そんなことは解っている。しかし断れないのが素子の弱さであった。
「ああ、こういう時には植木がうらやましいわ」
 意を決し、勧誘員達が待ち受ける、駅までの最後の通りに向かう。うつむき、
口をきゅっと閉じ、早足で通り抜ける。いや、通り抜けようとした。
「ちょっと、すいません。あなたの健康を一分間祈らせて下さい」
「は、はぁ」
 なんで、なんで私なのよぉ。と、心で泣きながら素子は(止めておけばいい
のに)振り返った。
 今、また、同じ過ちを素子は繰り返した。この点に関してはまったく学習能
力が無い。自分でもよーく解っている。
 しかし今回は今まで何度もあった、時間の空費とはわずかに性格が違ってい
た。
(……こ、小林じゃないの……)
 そう、今素子の前で、手を組み、目をつぶり、訳のわからない言葉を唱えて
いるのは小学校の同級生、小林であったのだ。
(い、いつのまに宗教になんか……)
 取り敢えず、名のらずに様子を見る。ただでさえ町で不意に、知り合いに会
うのは苦手なのだ。
「ところであなたは……」
 お祈りを終え、小林は勧誘モードに移行したようだ。しかし素子の顔を見て
もなにも変化はない。忘れているのか、そんなこたどーでもいいのか。そんな
ことは解らない。ただ小林は、マニュアル通りの勧誘を行っている。

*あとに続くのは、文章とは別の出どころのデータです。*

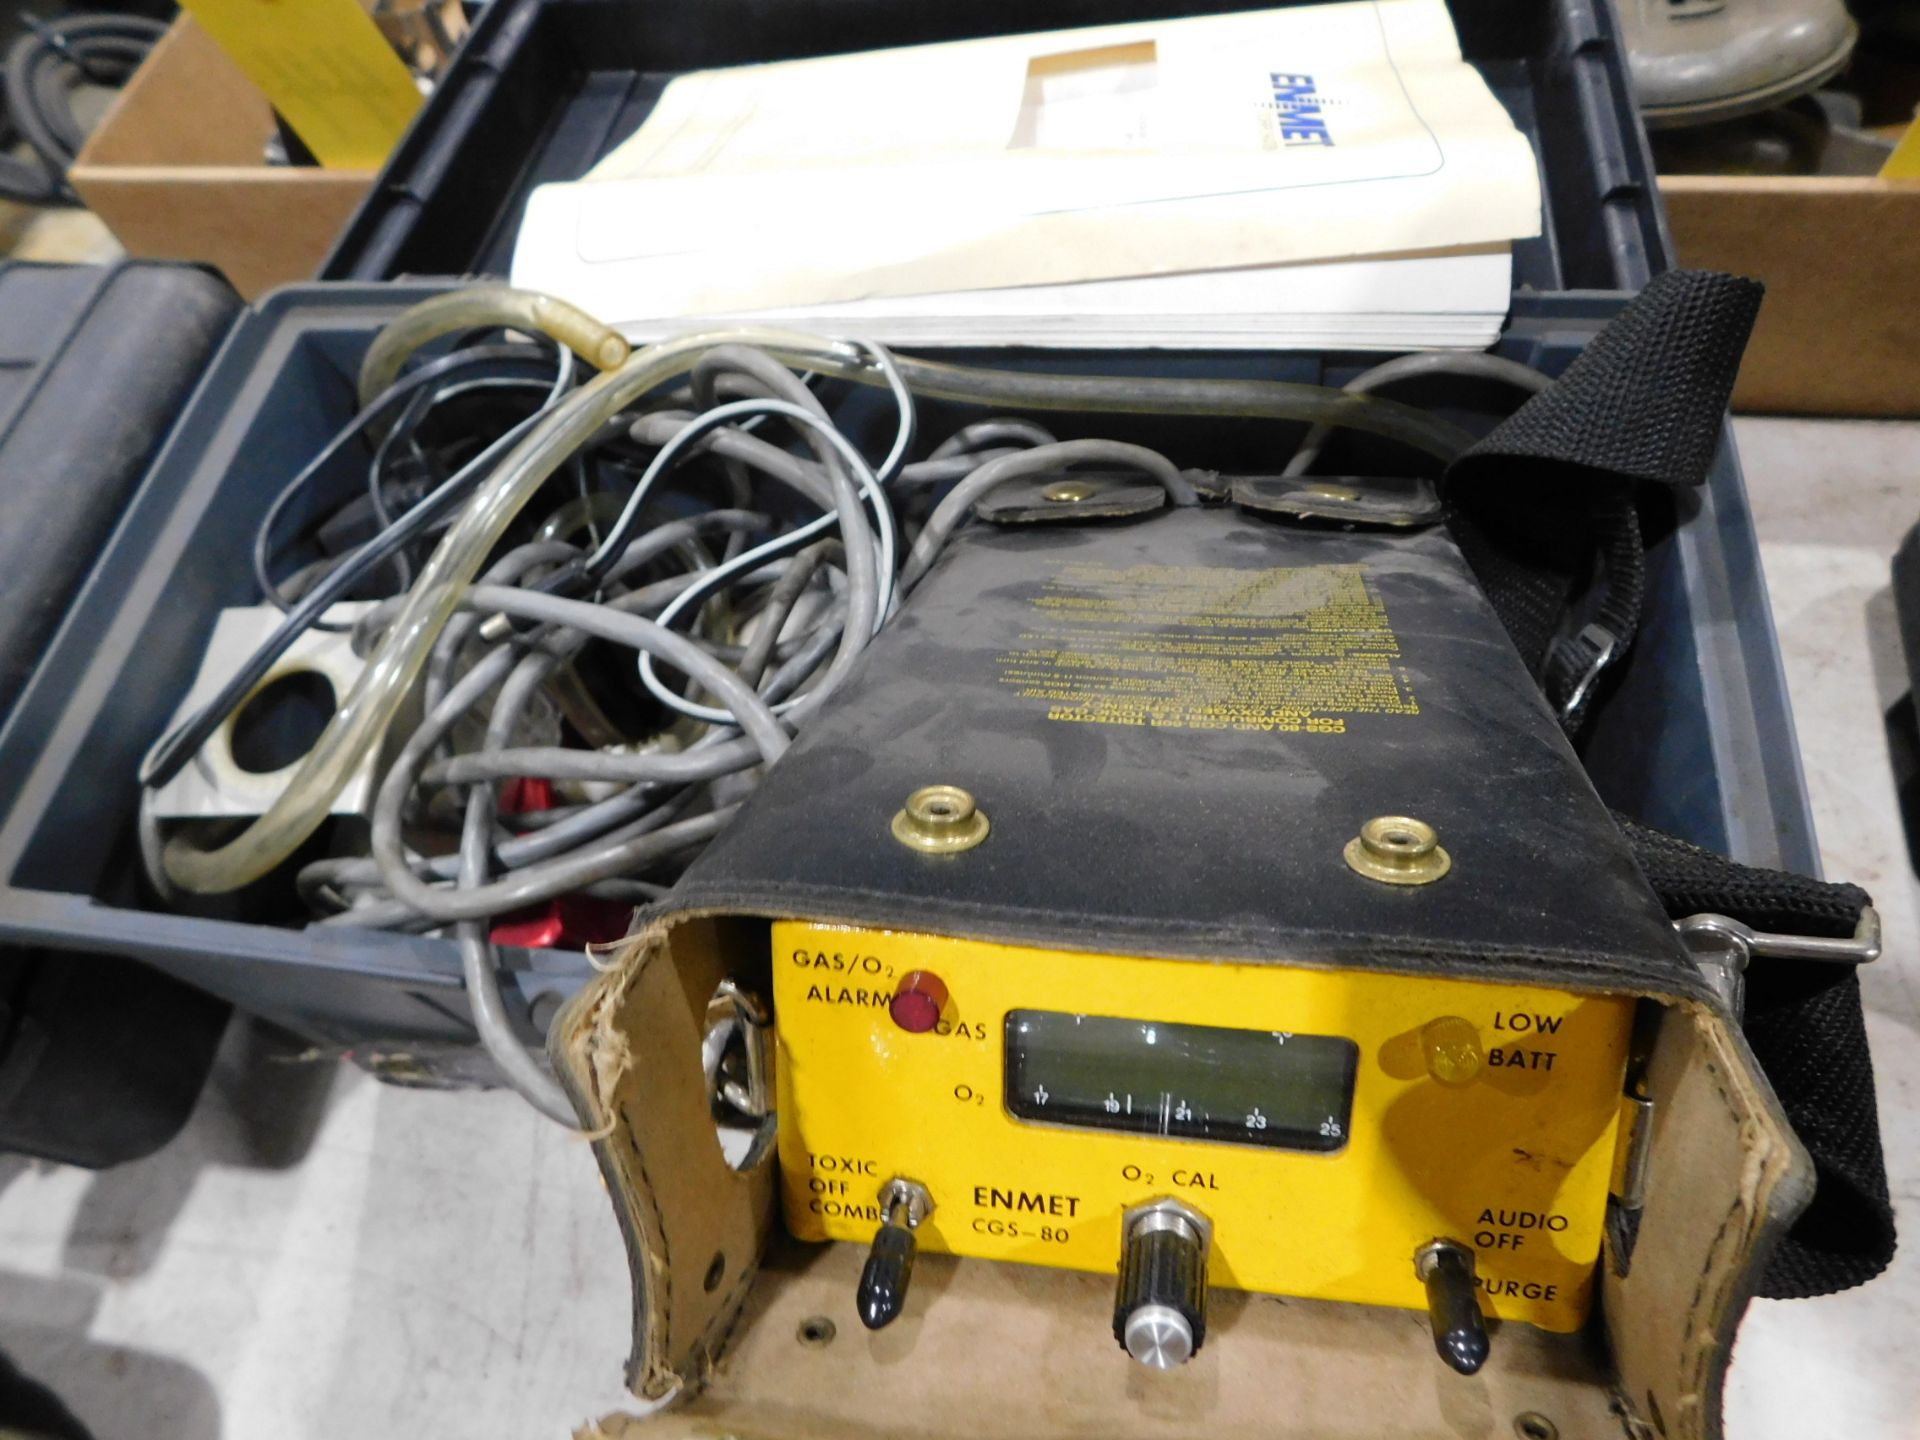 Emmet CGS-80 Portable Gas Detector

こうなっ
てしまうと素子に言える事はただ一つ、
「幸せとはなにかと言うと……」
「はぁ」
「教祖様はこうおっしゃって……」
「はぁ」
「一度教会の方へ……」
「はぁ」
 無意味な、しかも一方的な会話をしながら、素子は思っていた……
(あ、星が奇麗ね。今何時かしら。そう言えば今日は土曜日ね。あ! ビデオセッ
トしてたかしら。まあ、しかたないわね。ああ、お腹すいたあ……)
 街灯はこうこうと夜道を照らし出し、月は美しく輝いている。
 まだ夜は始まったばかりだ。

(あーん、はやくおうちにかえりたいよーっ)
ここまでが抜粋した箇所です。